It’s been over a year since I’ve taken the time to write about the 20-something wine palate. Last I checked in, Millenials were mad for Malbec – but that was a while ago and, while I’m sure there are still plenty of 20-somethings throwing back these easy-drinkers from Argentina, there’s plenty more to catch everyone up on.

It’s only taken a year of writing this little wine blog but my friends have finally started to come around to being introduced to different wines that I bring around. And to actually go into wine stores on their own, ask questions, and spend a little money on a wine that they might actually enjoy. The biggest crowd pleaser? Without a doubt, Barbera.

Barbera is a grape indigenous to Piedmont in Northwestern Italy and it makes a wine that is notable for its big juicy fruit, high acidity, and low tannin. Unlike Malbecs from Argentina, which are also incredibly fruit forward, Barberas tend to show flavors of cherries and red plums and, because of the high acid, they are brighter and much more food-friendly.

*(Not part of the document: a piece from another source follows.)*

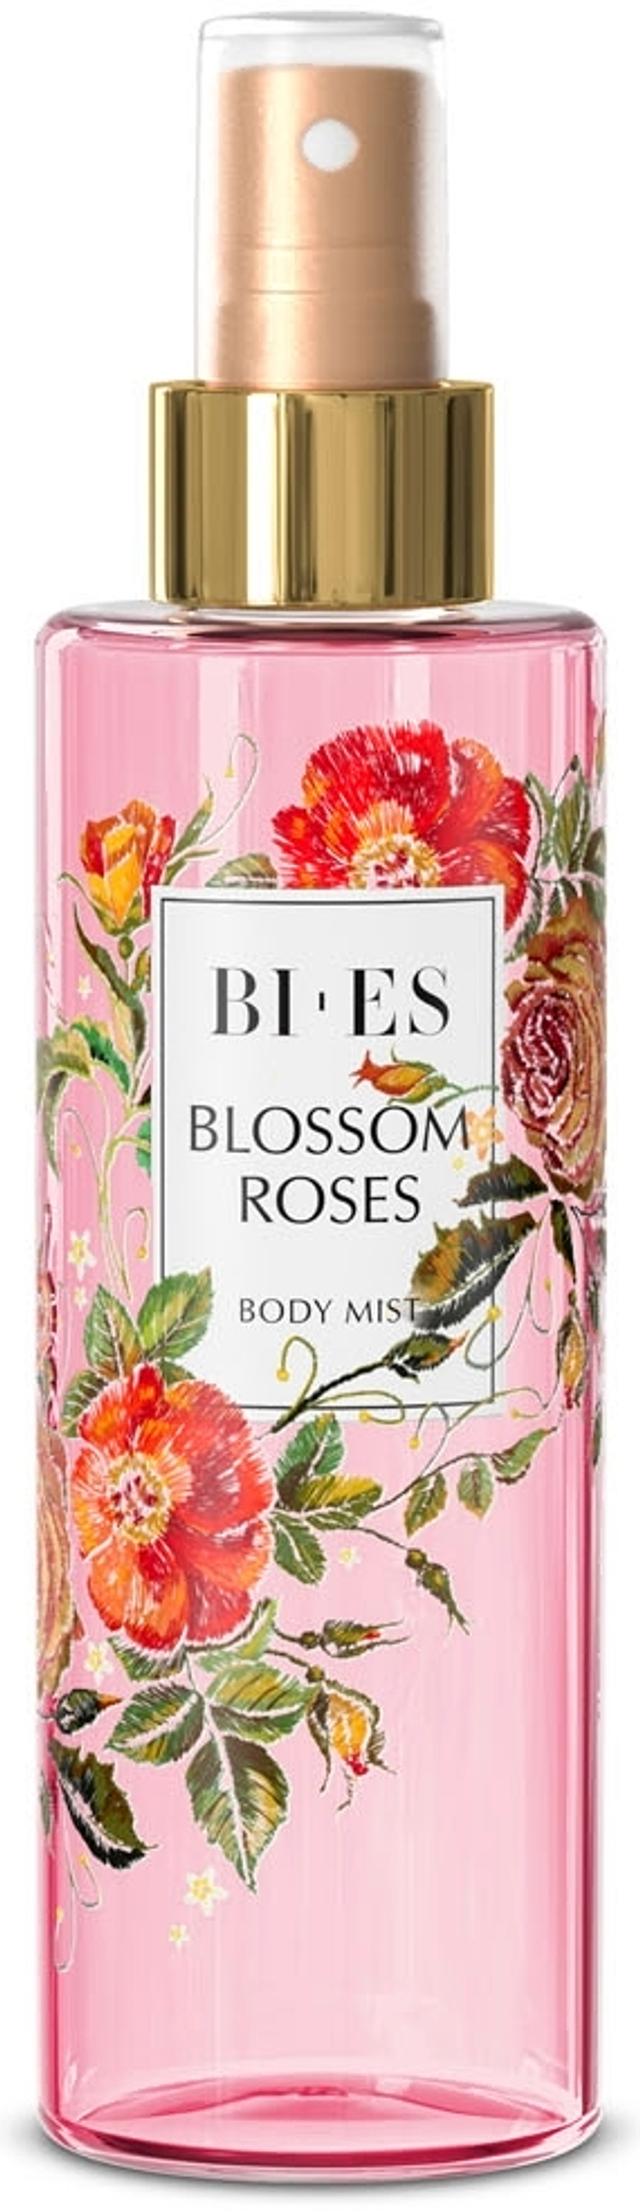 BI-ES Blossom Roses Body Mist 200ml

I have a theory that given these wines’ flavor profiles, easy drinkability, and food friendliness, they would easily be the next Malbec if not for their higher price tag. Wine directors around the city of New York have taken note, too, and begun to offer them widely and broadly on wine lists across the city as an affordable and accessible by-the-glass option. For the 20-something who is starting to get comfortable with their palate, maybe into a something a little heavier than their usual Pinot Noir but a little sick of rich chocolatey Malbec, Barbera is a brilliant choice.

Barbera is traditionally a wine of Piedmonte, but there are some truly wonderful examples coming out of Santa Barbara and also Amador County at the foot of the Sierra Foothills in California. Above, I’ve included my two clear favorites from this burgeoning region.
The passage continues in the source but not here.